In Sciter I've made a test by implementing pretty much full jQurey core natively. On practical tasks like ScIDE (IDE made of HTML/CSS/Script) I believe such solution works significantly better then any VM optimizations.
As other people have mentioned, Python has a performant JIT compiler in the form of PyPy.
Making meaningful benchmarks is always subtle, but I happen to have a simple benchmark of K-means written in different languages - you can find it here. One of the constraints was that the various languages should all implement the same algorithm and should strive to be simple and idiomatic (as opposed to optimized for speed). I have written all the implementations, so I know I have not cheated, although I cannot claim for all languages that what I have written is idiomatic (I only have a passing knowledge of some of those).
I do not claim any definitive conclusion, but PyPy was among the fastest implementations I got, far better than Node. CPython, instead, was at the slowest end of the ranking.
The statement is not exactly true
Just like V8 is just an implementation for JS, CPython is just one implementation for Python. Pypy has performances matching V8's.
Also, there the problem of perceived performance : since V8 is natively non blocking, Web dev leads to more performant projects because you save the IO wait. And V8 is mainly used for dev Web where IO is key, so they compare it to similar projects. But you can use Python in many, many other areas than web dev. And you can even use C extensions for a lot of tasks, such as scientific computations or encryption, and crunch data with blazing perfs.
But on the web, most popular Python and Ruby projects are blocking. Python, especially, has the legacy of the synchronous WSGI standard, and frameworks like the famous Django are based on it.
You can write asynchronous Python (like with Twisted, Tornado, gevent or asyncio) or Ruby. But it's not done often. The best tools are still blocking.
However, they are some reasons for why the default implementations in Ruby and Python are not as speedy as V8.
Experience
Like Jörg W Mittag pointed out, the guys working on V8 are VM geniuses. Python is dev by a bunch a passionate people, very good in a lot of domains, but are not as specialized in VM tuning.
Resources
The Python Software foundation has very little money : less than 40k in a year to invest in Python.
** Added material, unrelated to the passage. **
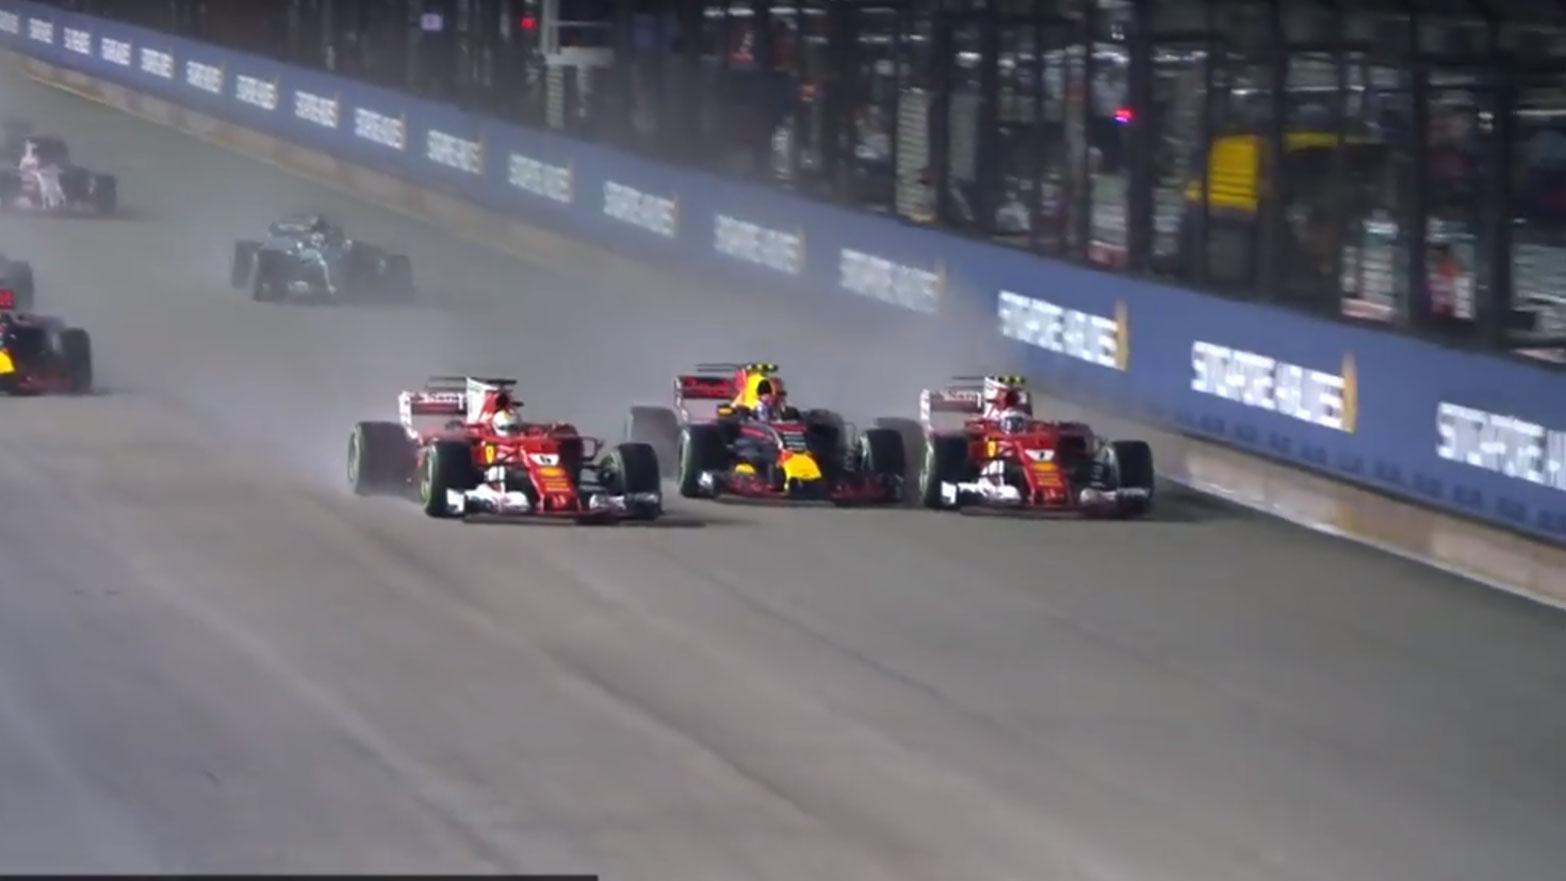 Crash Verstappen, Vettel en raikkonen in Singapore

This is kinda crazy when you think big players such as Google, Facebook or Apple are all using Python, but it's the ugly truth : most work is done for free. The language that powers Youtube and existed before Java has been handcrafted by volunteers.
They are smart and dedicated volunteers, but when they identify they need more juice in a field, they can't ask for 300k to hire a top notch specialist for this area of expertise. They have to look around for somebody who would do it for free.
While this works, it means you have to be very a careful about your priorities. Hence, now we need to look at :
Objectives
Even with the latest modern features, writing Javascript is terrible. You have scoping issues, very few collections, terrible string and array manipulation, almost no stdlist apart from date, maths and regexes, and no syntactic sugar even for very common operations.
But in V8, you've got speed.
This is because, speed was the main objective for Google, since it's a bottleneck for page rendering in Chrome.
In Python, usability is the main objective. Because it's almost never the bottleneck on the project. The scarce resource here is developer time. It's optimized for the developer.
Because JavaScript implementations need not care about backwards compatibility of their bindings.
Until recently the only users of the JavaScript implementations have been web browsers. Due to security requirements, only the web browser vendors had the privilege to extend the functionality by writing bindings to the runtimes. Thus there was no need keep the C API of the bindings backwards compatible, it was permissible to request the web browser developers update their source code as the JavaScript runtimes evolved; they were working together anyways. Even V8, which was a latecomer to the game, and also lead by a very very experienced developer, have changed the API as it became better.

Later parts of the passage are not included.